▶ [DATASET EXTRACT]:
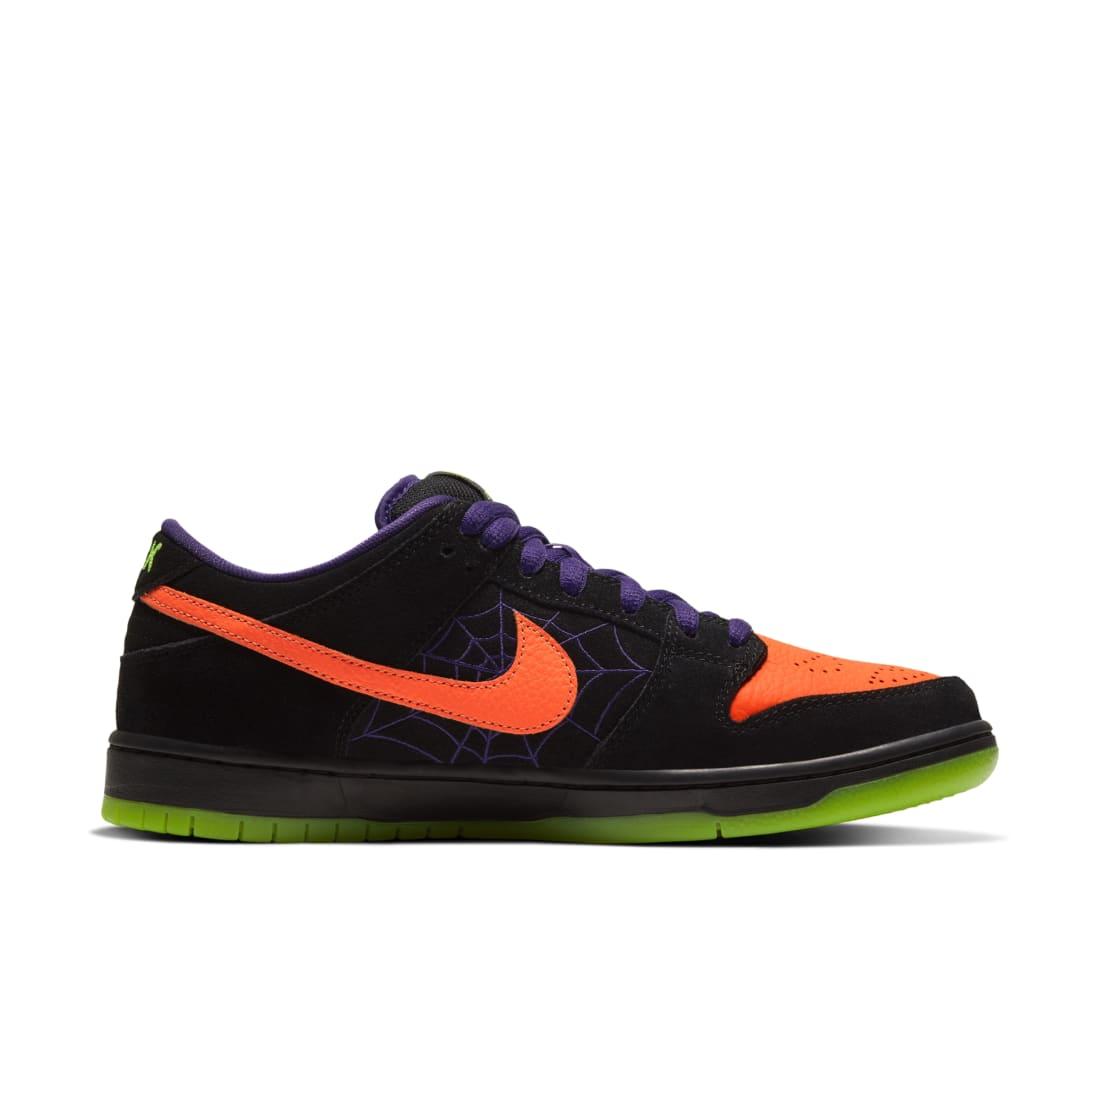 Nike Dunk Night of Mischief Halloween
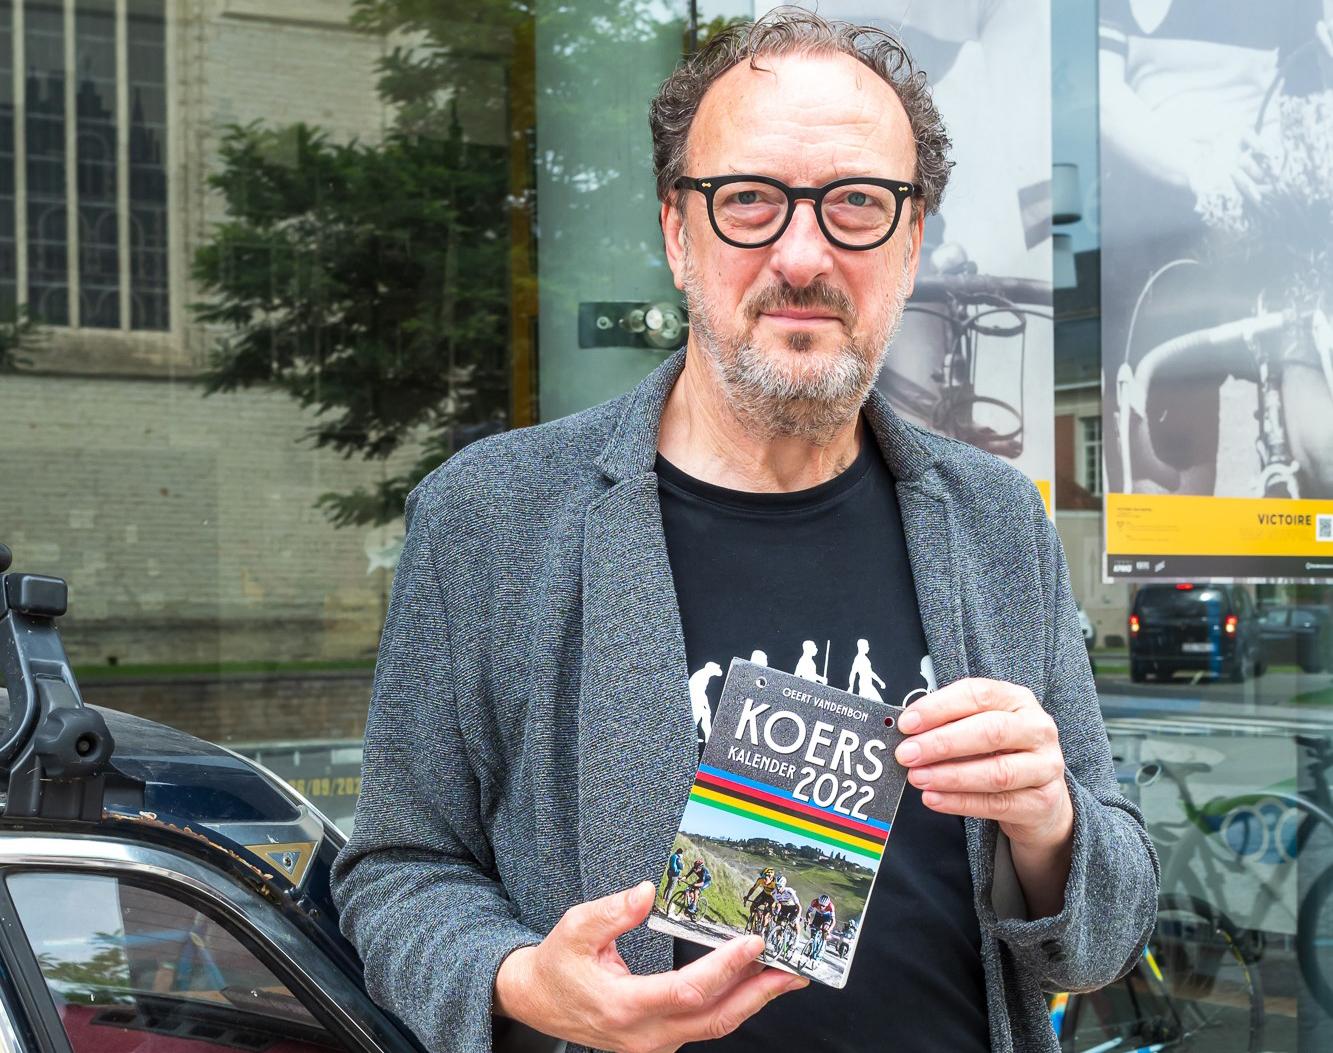 Koerskalender - Geert Vandenbon
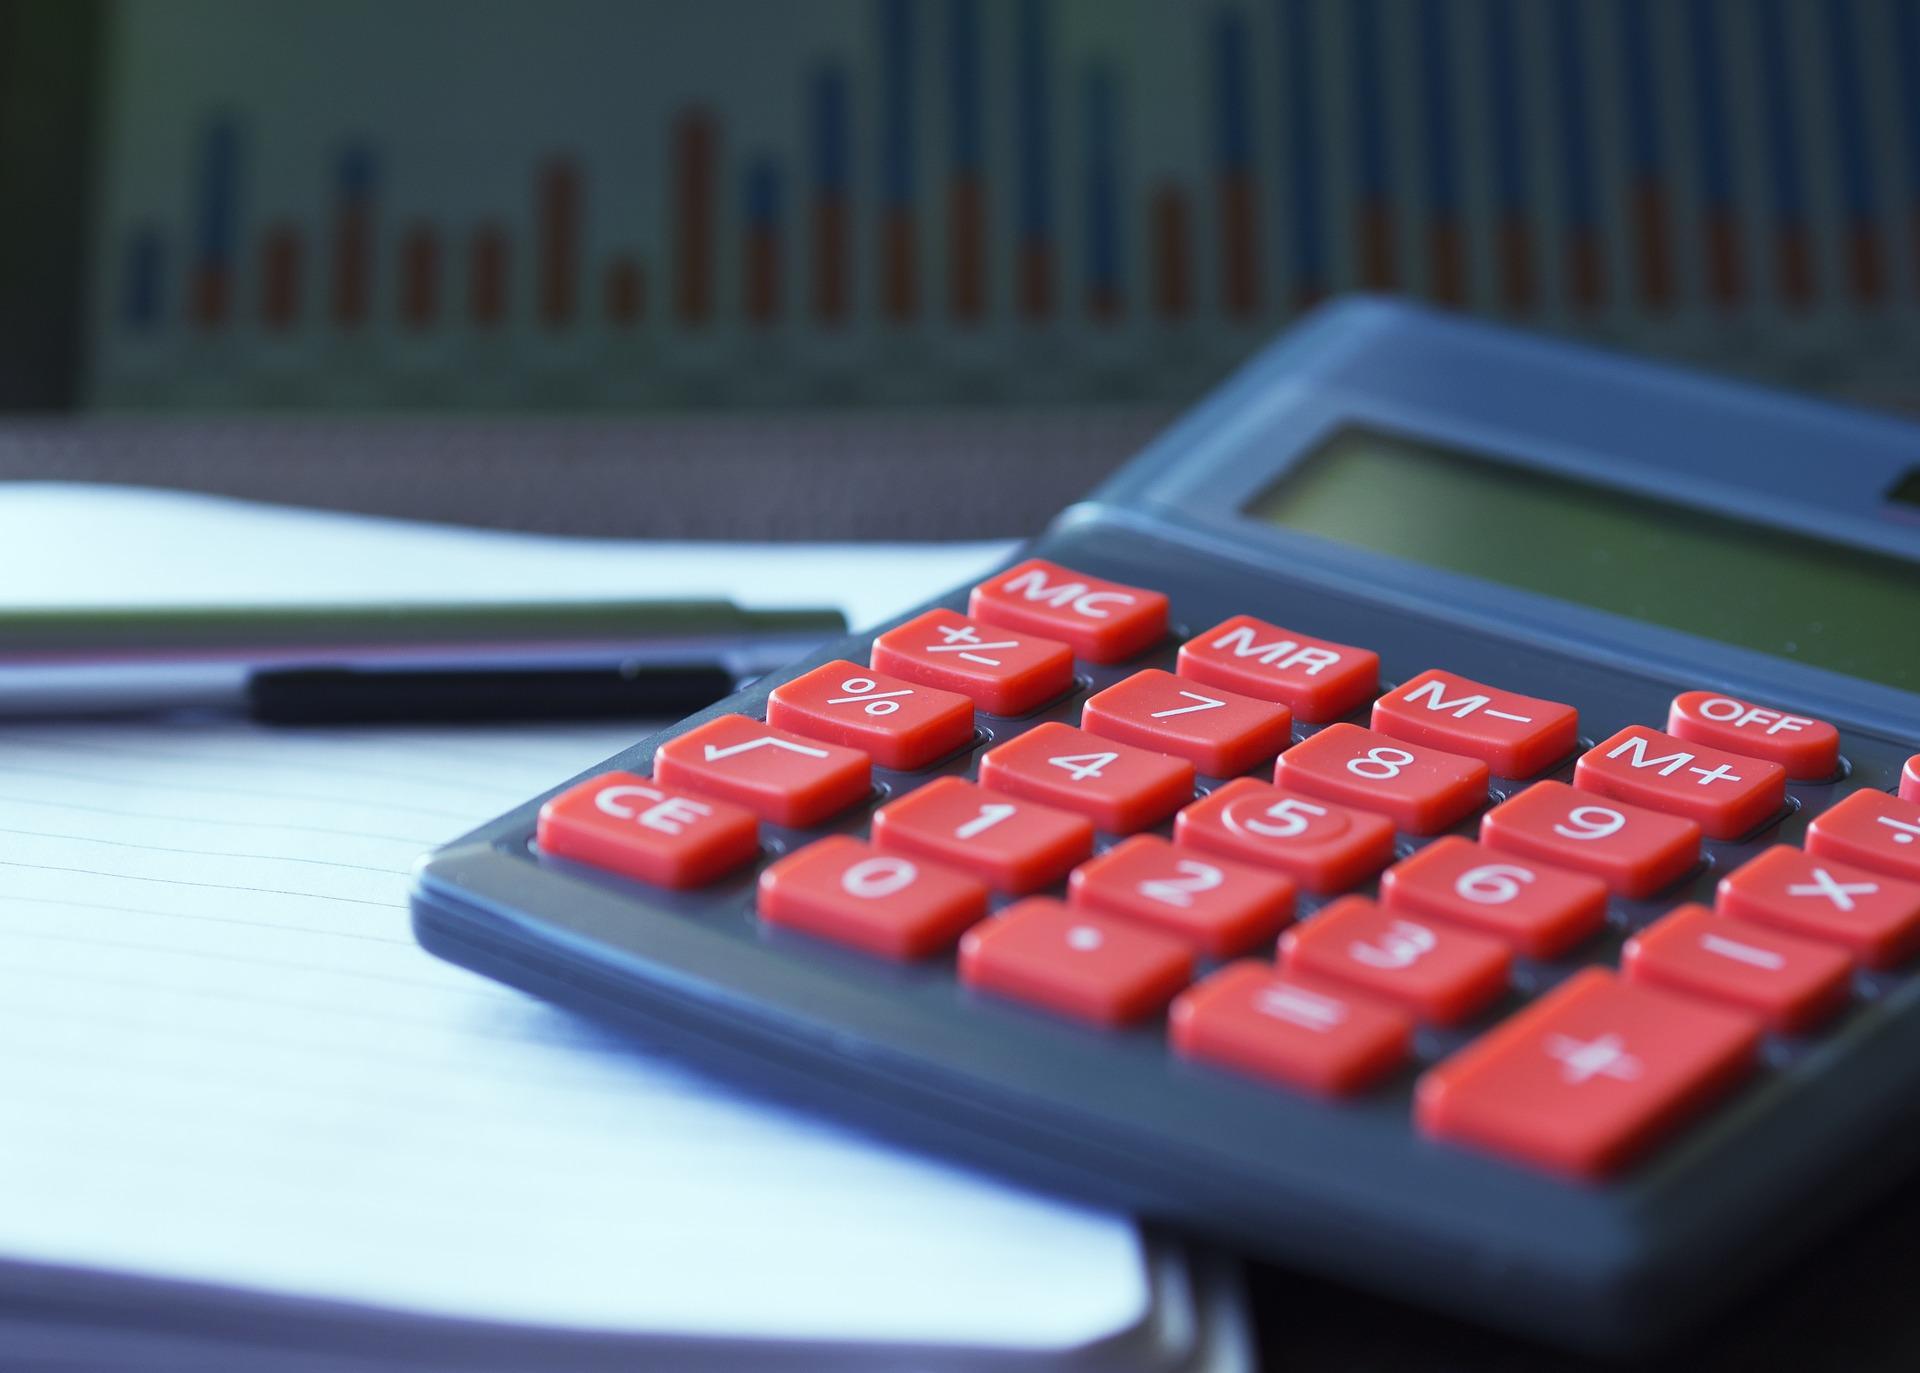 Quelles sont les assurances professionnelles indispensables dans le milieu du BTP?

▶ [WORK ORDER]: Every line above must be printed again exactly, pictures excluded.

▶ [WRITTEN RESPONSE]:
 Nike Dunk Night of Mischief Halloween
 Koerskalender - Geert Vandenbon
 Quelles sont les assurances professionnelles indispensables dans le milieu du BTP?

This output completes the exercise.